Proof by Construction: Building a Mathematician's Assistant
What do you do after interviewing so many mathematicians to understand how their practice is evolving? After listening to them describe the newly discovered tools they have come to love1, alongside their long-standing frustrations?
Base Case: My Mathematical Trajectory
I could not help feeling that my professional trajectory was finally starting to make sense. I began as an apprentice mathematician, playing with commutative diagrams and categorification. Later, I joined a data analytics company called Dataiku, an early startup at the time, back in 2015, whose product was an end-to-end collaborative platform designed to democratize access to machine learning.
My role there was to turn projects with significant scientific uncertainty but clear business potential into actionable product features. The first initiative focused on optimizing data labeling (through active learning cardinal mainly) while the last revolved around causal inference.
In retrospect, this placed me at the perfect intersection: a deep understanding of, and empathy for, mathematicians on the one hand, and hands-on experience building software products on the other.
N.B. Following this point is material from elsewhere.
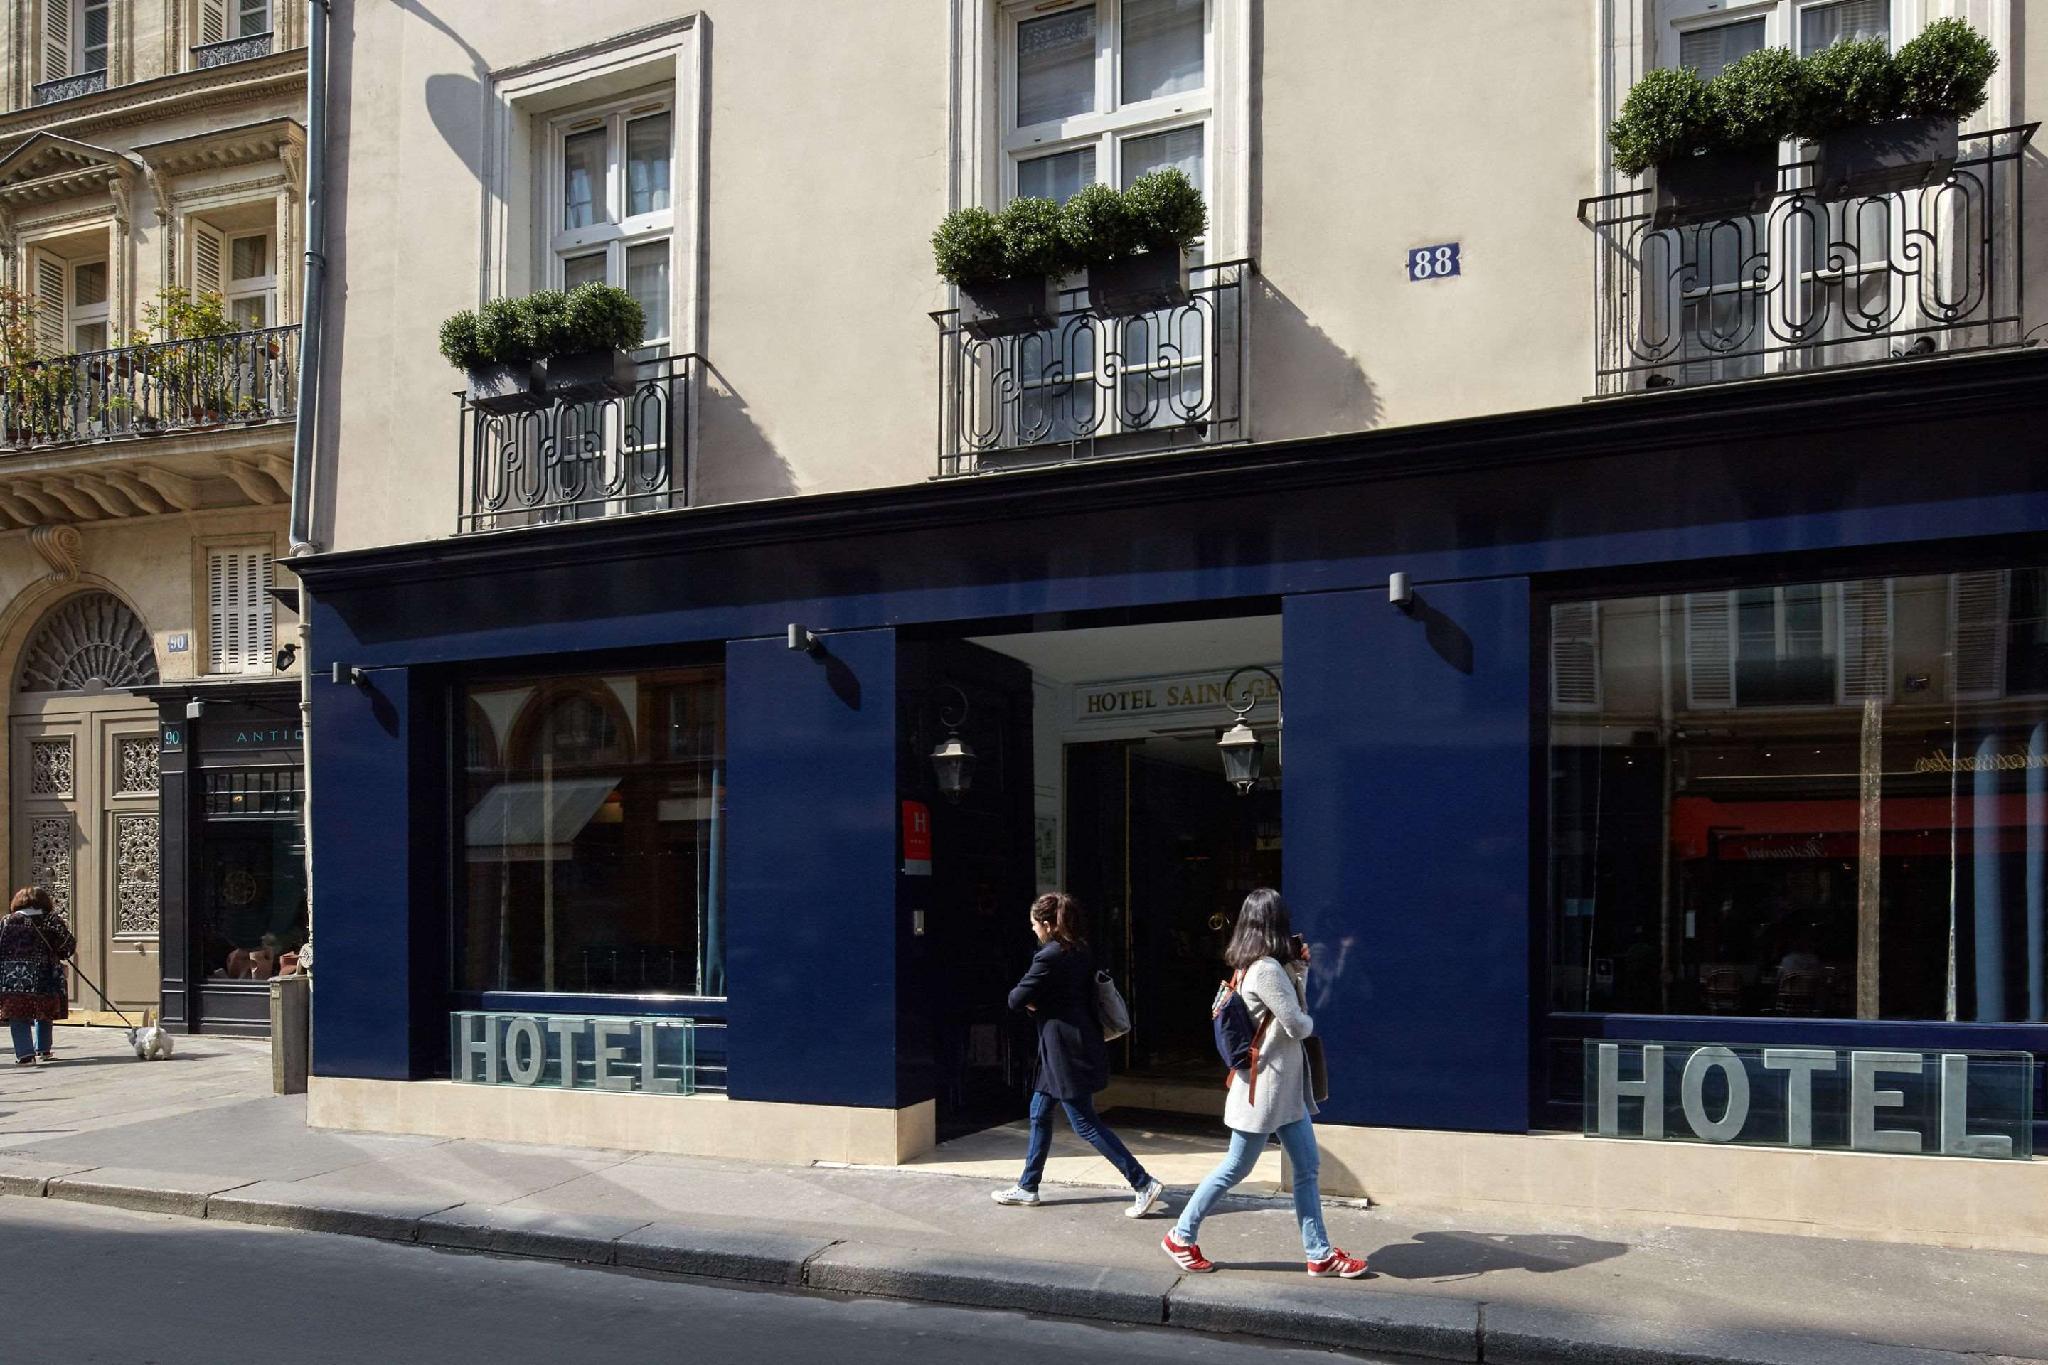 Hotel Saint Germain

It began to feel almost obvious that I should try to build tools for mathematicians. What follows is the first stab at this idea: a prototype, not a finished product. It’s a story of experimentation, of iterating through ideas and learning from missteps, rather than delivering polished features. The app described here is very much a work in progress, designed to explore what building supportive tools for mathematicians could even look like, and to gather feedback that will guide its evolution.
Induction on Features: Initialization
Just as one explores a mathematical statement through its first nontrivial example, a product should begin with one—and only one—feature. Since AI-assisted proving was (and still is) very much in vogue, the initial task was to design the smoothest possible user experience for proving something collaboratively with an AI model.
The #1 pain point that consistently resurfaced in discussions with mathematicians was the iteration process itself. Once a correction is requested, the system regenerates an entirely new proof, with no guarantees that other parts have not been silently altered. The result is an experience that is simultaneously token-wasteful and deeply frustrating.
Often a simple mistake (a wrong sign, a forgotten term,…) would slip into the AI’s output amidst an otherwise genuine helpful proof. Such errors would be immediately forgiven if made by a human, but not by an AI. Once again, the mathematician must point out the mistake, only for the model to stumble and generate excuses… before producing an entirely new proof from scratch.
To address these issues, we can take two complementary approaches:
- Decompose the proof attempt into intermediate results, lemmas, together with their logical dependency graph, so that we can ask for modification of one component without altering the others.
- Allow direct intervention, letting the mathematician edit the proof attempt directly. Similar to Claude’s canvas feature, for instance].
This first decomposition can be achieved with a dedicated AI model and the right prompting: it takes the original proof attempt from the first model and outputs the lemmas along with its associated dependency graph. We could call this process blueprint inference, analogous to generating a “blueprint” in Lean.
Wait, what if the statement… is false in the first place?
In the unlikely event that a mathematician submits a false statement and asks an AI model to prove it, what happens? The system doesn’t necessarily break, but it must clearly notify the user that the direction has changed. This is especially important because mathematicians may sincerely believe the statement to be true, and the prover model itself could be mistaken.
A recent study by researchers at INSAIT and ETH Zurich introduced BrokenMath2. The benchmark was designed to measure this sycophancy phenomenon in AI models.
To detect it, we run a first LLM over the original proof attempt to determine whether the statement has been proved, disproved, or if nothing conclusive has been established.
Wait, what if there is no statement to be proved… in the first place?!
As extensively argued in previous posts, proving is only a small fraction of a mathematician’s activity. Mathematicians also use AI models for a variety of exploratory tasks. A natural extension of proving is exploration: starting from a half-baked statement or an open question, the mathematician begins a discussion that may eventually yield statements worth proving or disproving.
This changes the nature of the initial input to the app. There should be two modes: explore and prove, with smooth transitions between them. In this context, the chat interface is the natural candidate for exploration, enabling dialogue with the AI model. But, as before, chat is not the end point. We enhance the interaction by constantly scanning for the linguistic components of the mathematical discourse (statements, hypotheses, or examples) so that attempting a proof is always just a click away.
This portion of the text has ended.